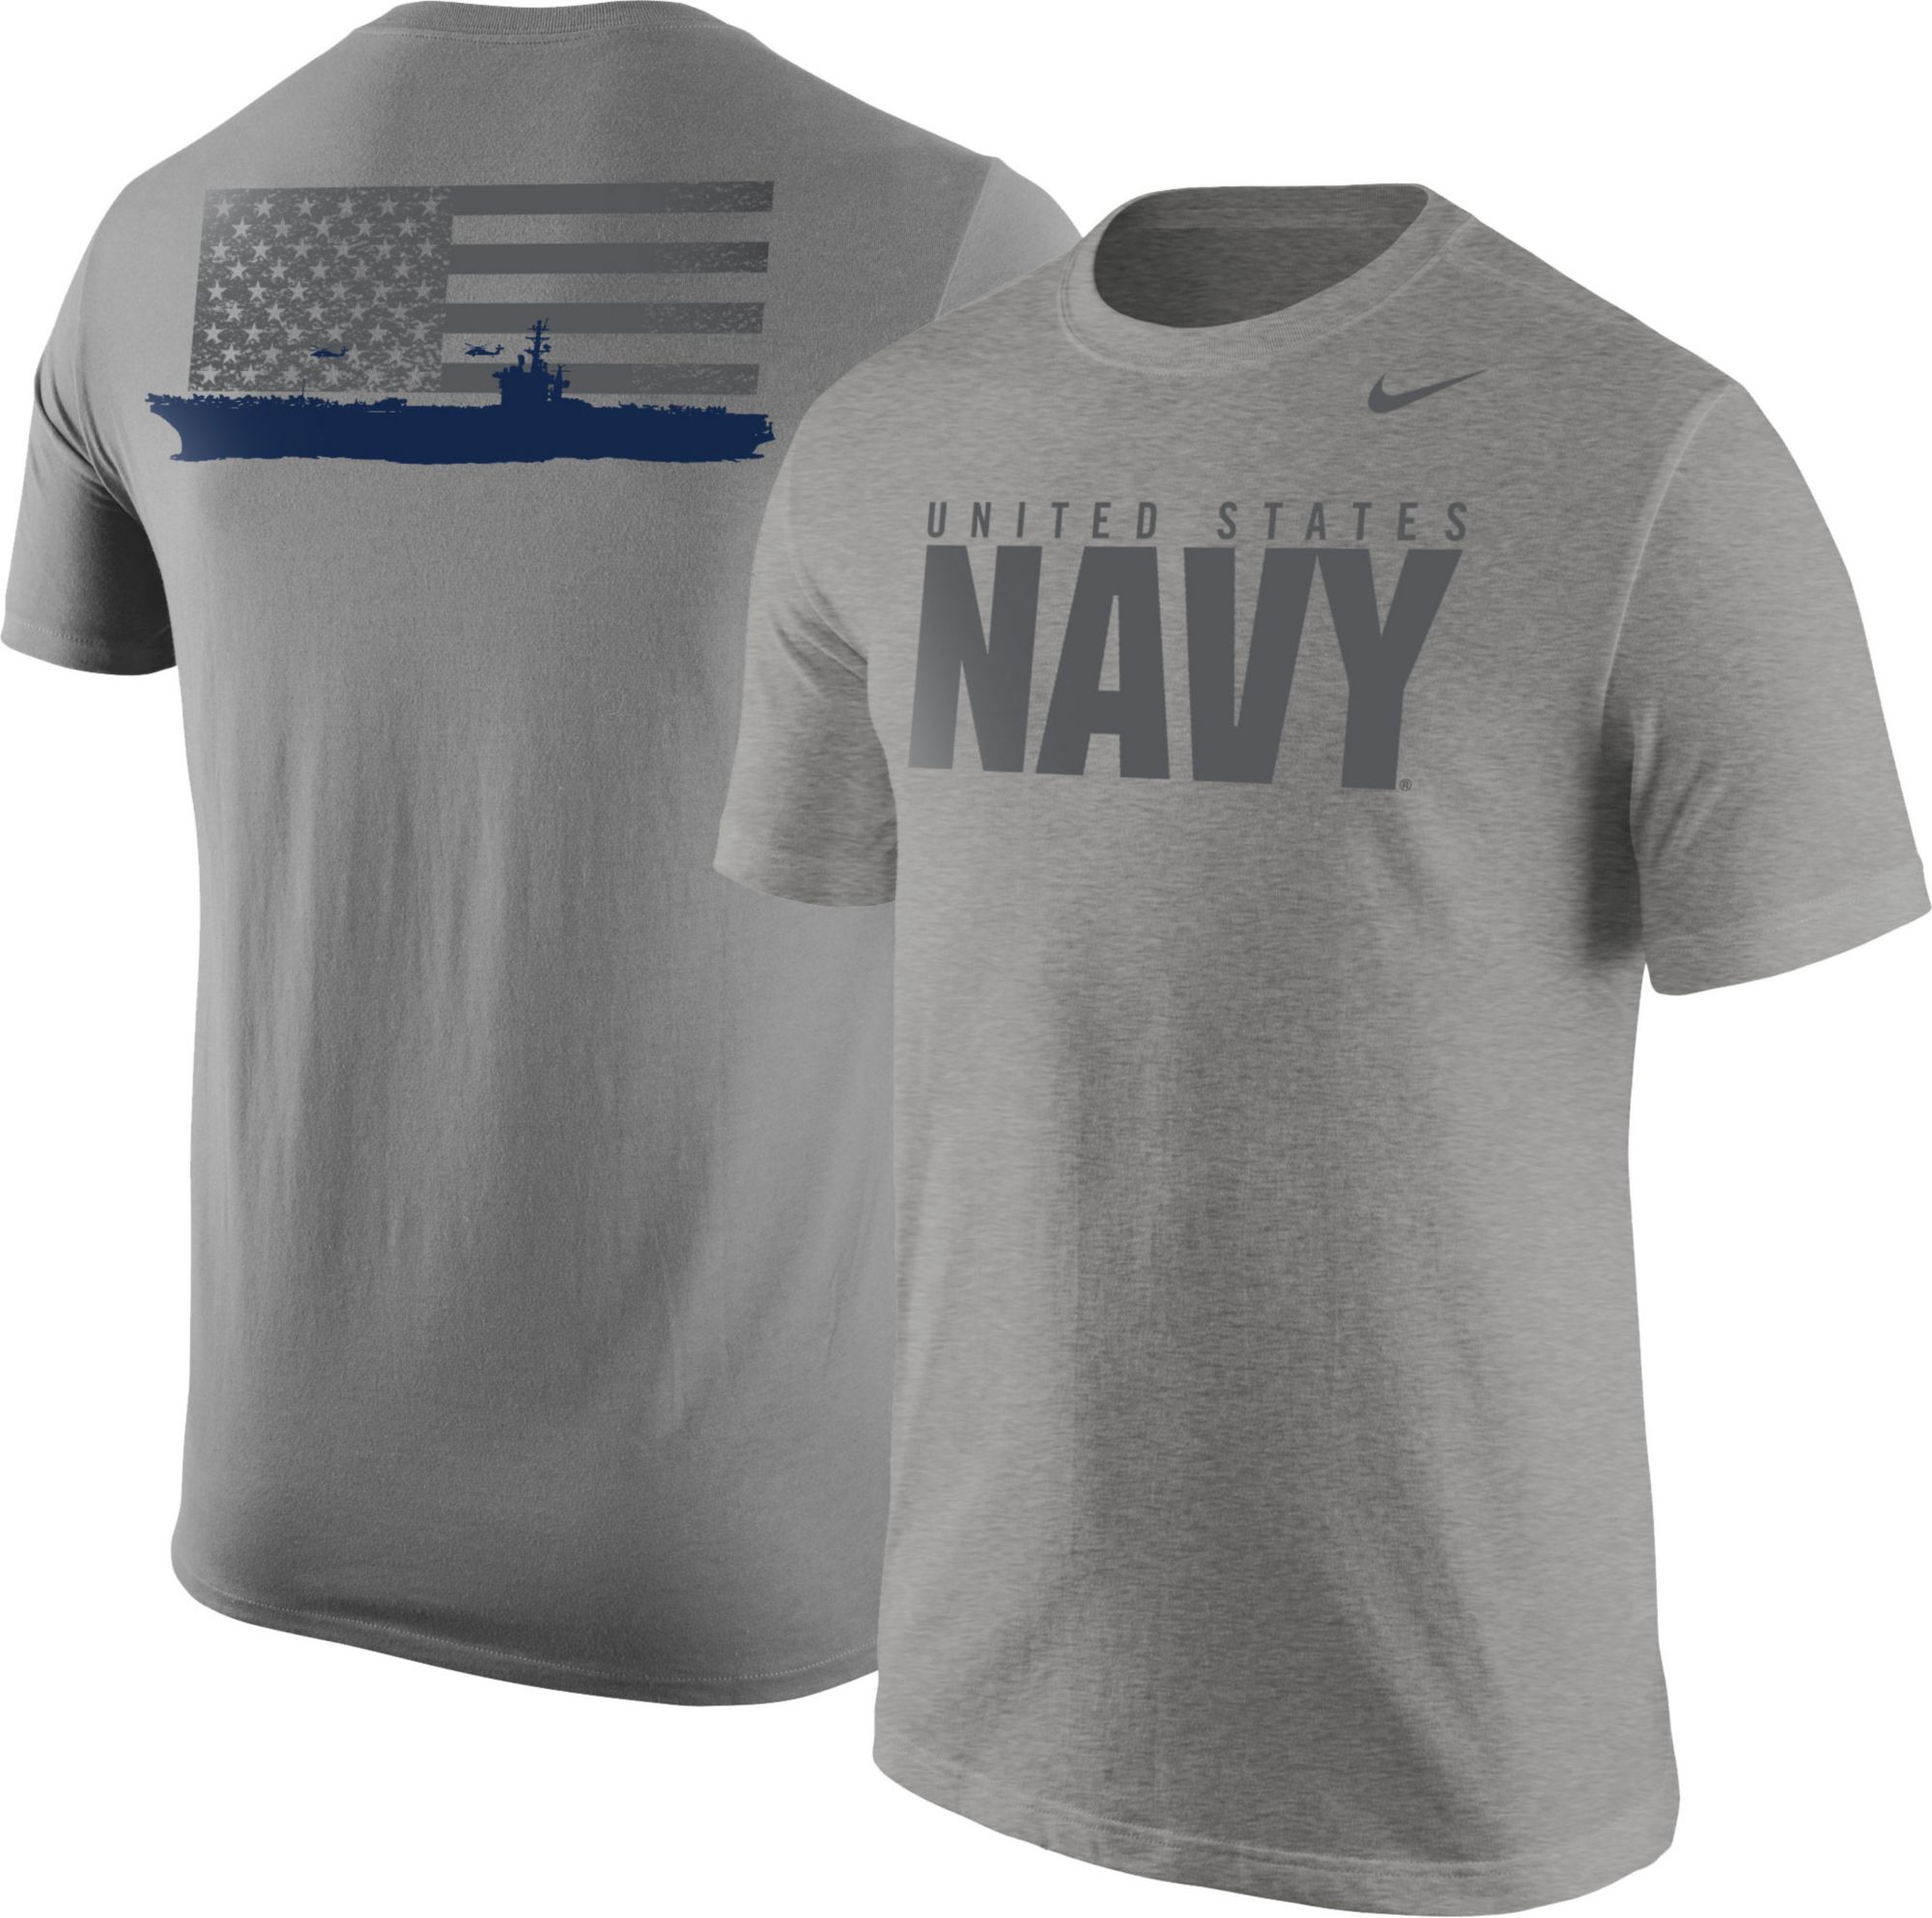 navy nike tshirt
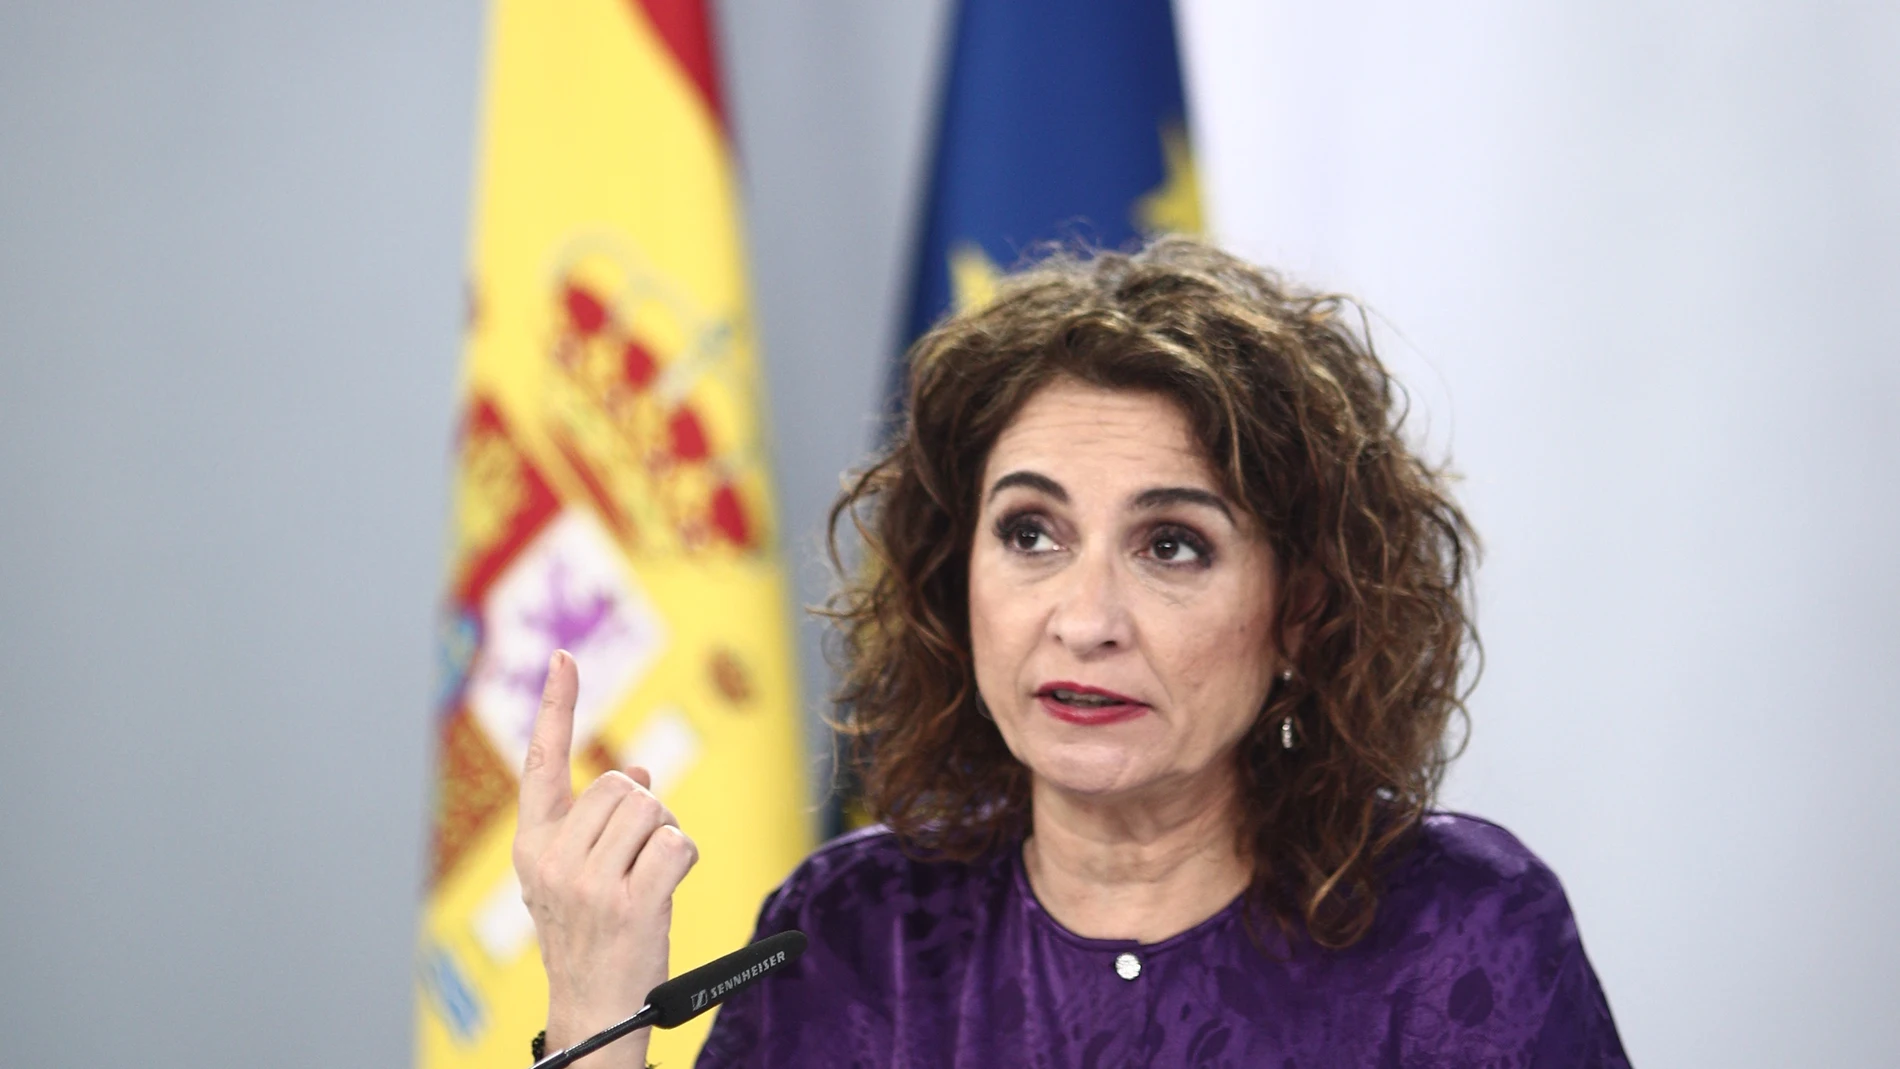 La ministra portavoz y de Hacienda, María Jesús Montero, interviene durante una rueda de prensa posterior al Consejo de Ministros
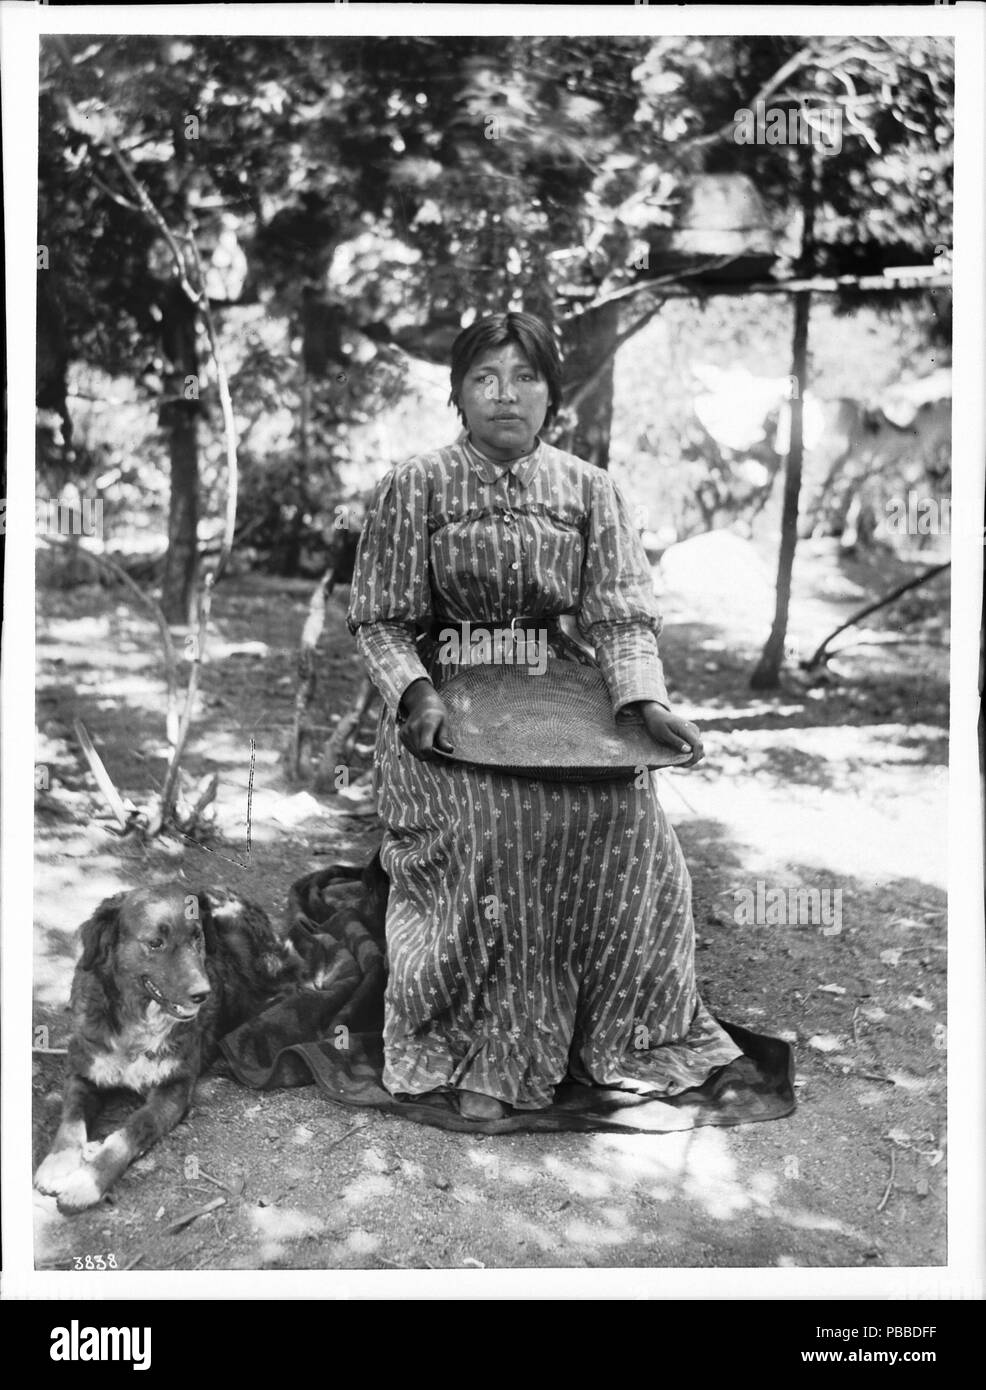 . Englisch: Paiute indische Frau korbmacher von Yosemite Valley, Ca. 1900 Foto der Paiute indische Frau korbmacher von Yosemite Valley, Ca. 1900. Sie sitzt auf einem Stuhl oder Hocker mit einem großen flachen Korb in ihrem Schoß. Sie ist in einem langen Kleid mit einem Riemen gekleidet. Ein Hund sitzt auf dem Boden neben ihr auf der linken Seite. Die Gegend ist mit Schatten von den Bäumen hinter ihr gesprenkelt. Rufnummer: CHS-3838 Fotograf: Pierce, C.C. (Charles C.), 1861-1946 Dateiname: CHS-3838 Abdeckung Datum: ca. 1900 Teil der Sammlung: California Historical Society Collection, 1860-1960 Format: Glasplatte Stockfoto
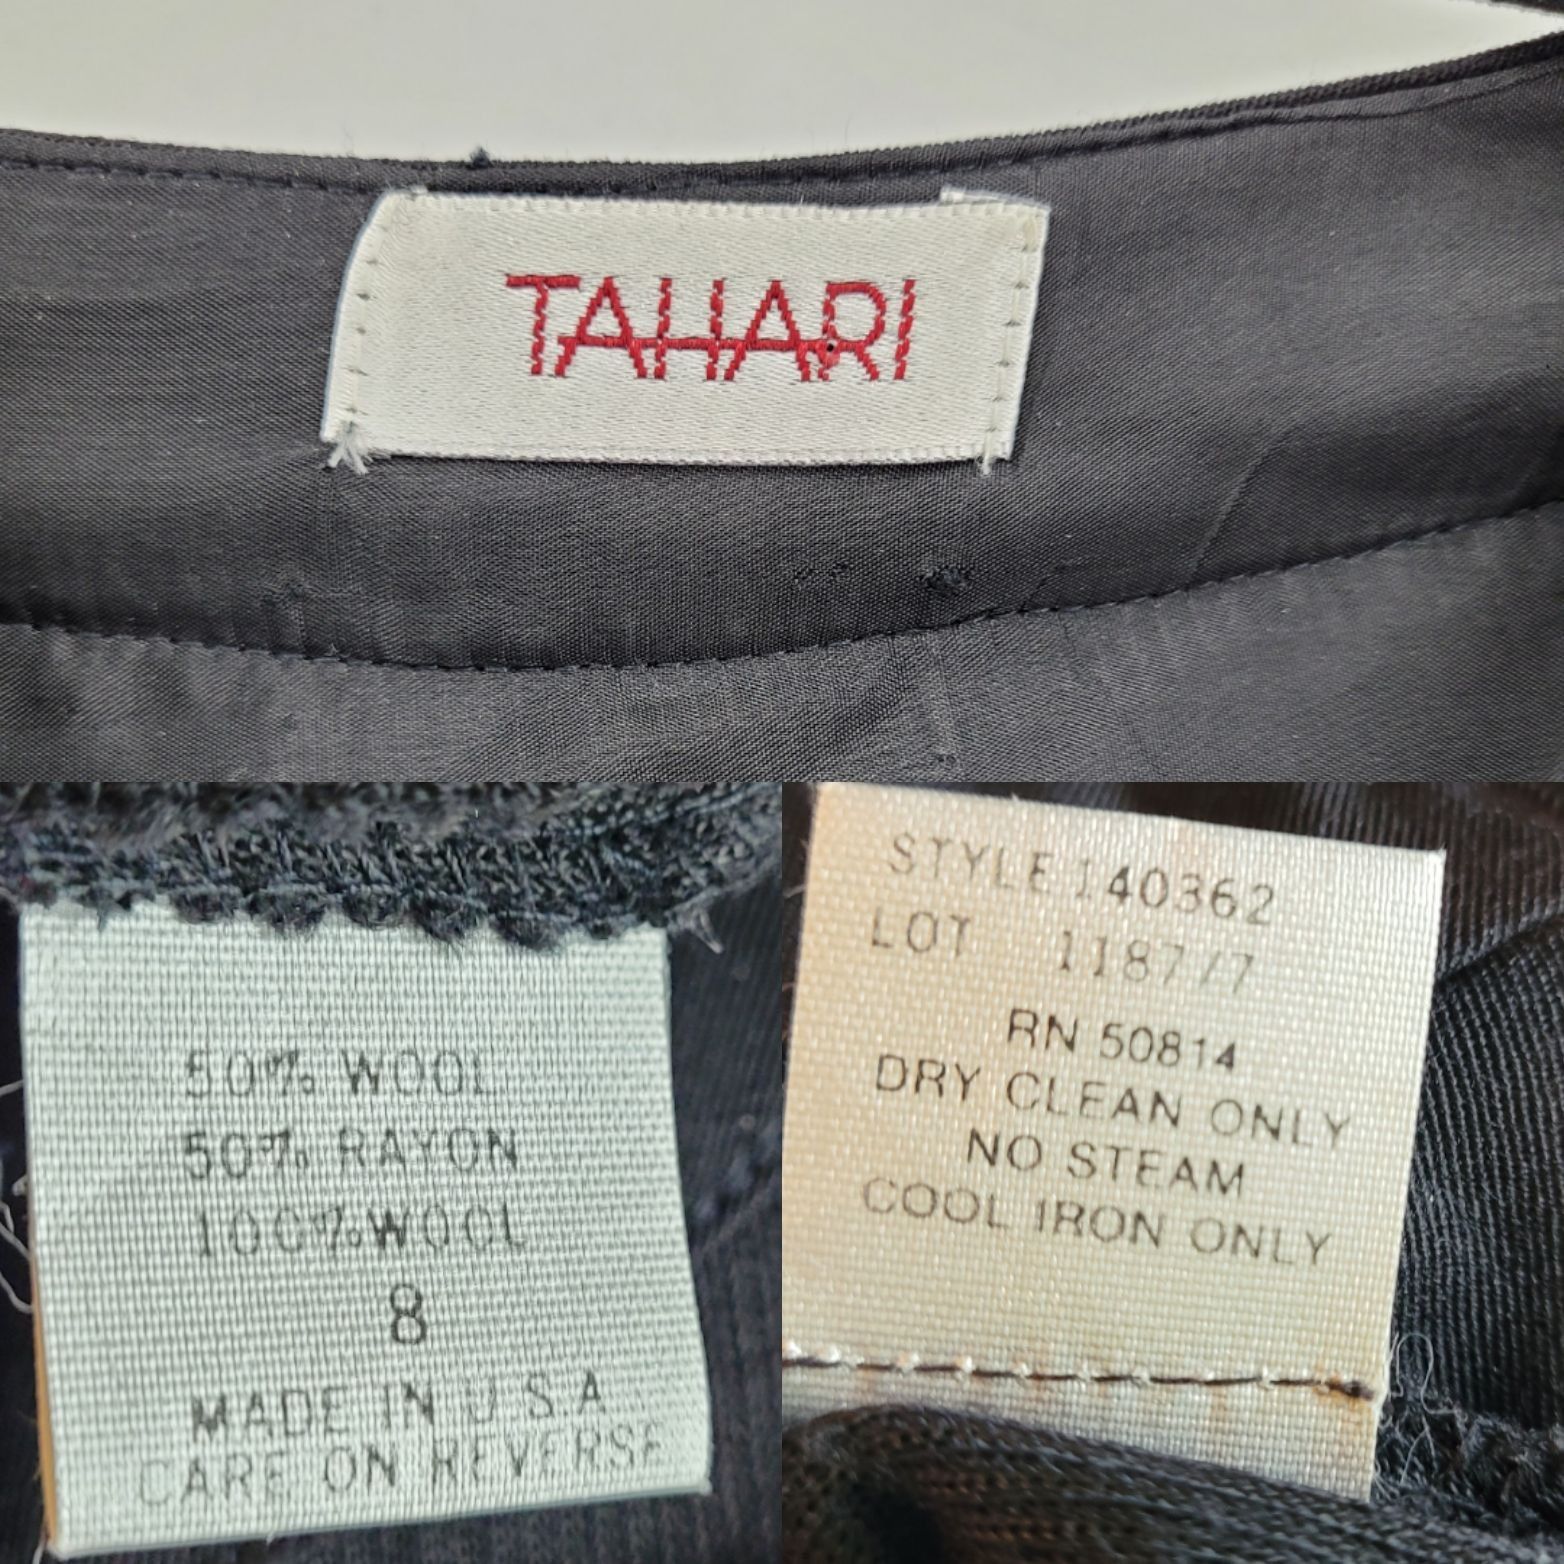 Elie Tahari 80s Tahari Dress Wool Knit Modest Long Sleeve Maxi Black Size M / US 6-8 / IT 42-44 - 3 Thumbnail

## HOW TO COMPLETE THIS TASK
Output the data exactly as it is, with the pictures dropped.

## ANSWER BOX
 navy nike tshirt
 La ministra portavoz y de Hacienda, María Jesús Montero, interviene durante una rueda de prensa posterior al Consejo de Ministros
 . Englisch: Paiute indische Frau korbmacher von Yosemite Valley, Ca. 1900 Foto der Paiute indische Frau korbmacher von Yosemite Valley, Ca. 1900. Sie sitzt auf einem Stuhl oder Hocker mit einem großen flachen Korb in ihrem Schoß. Sie ist in einem langen Kleid mit einem Riemen gekleidet. Ein Hund sitzt auf dem Boden neben ihr auf der linken Seite. Die Gegend ist mit Schatten von den Bäumen hinter ihr gesprenkelt. Rufnummer: CHS-3838 Fotograf: Pierce, C.C. (Charles C.), 1861-1946 Dateiname: CHS-3838 Abdeckung Datum: ca. 1900 Teil der Sammlung: California Historical Society Collection, 1860-1960 Format: Glasplatte Stockfoto
 Elie Tahari 80s Tahari Dress Wool Knit Modest Long Sleeve Maxi Black Size M / US 6-8 / IT 42-44 - 3 Thumbnail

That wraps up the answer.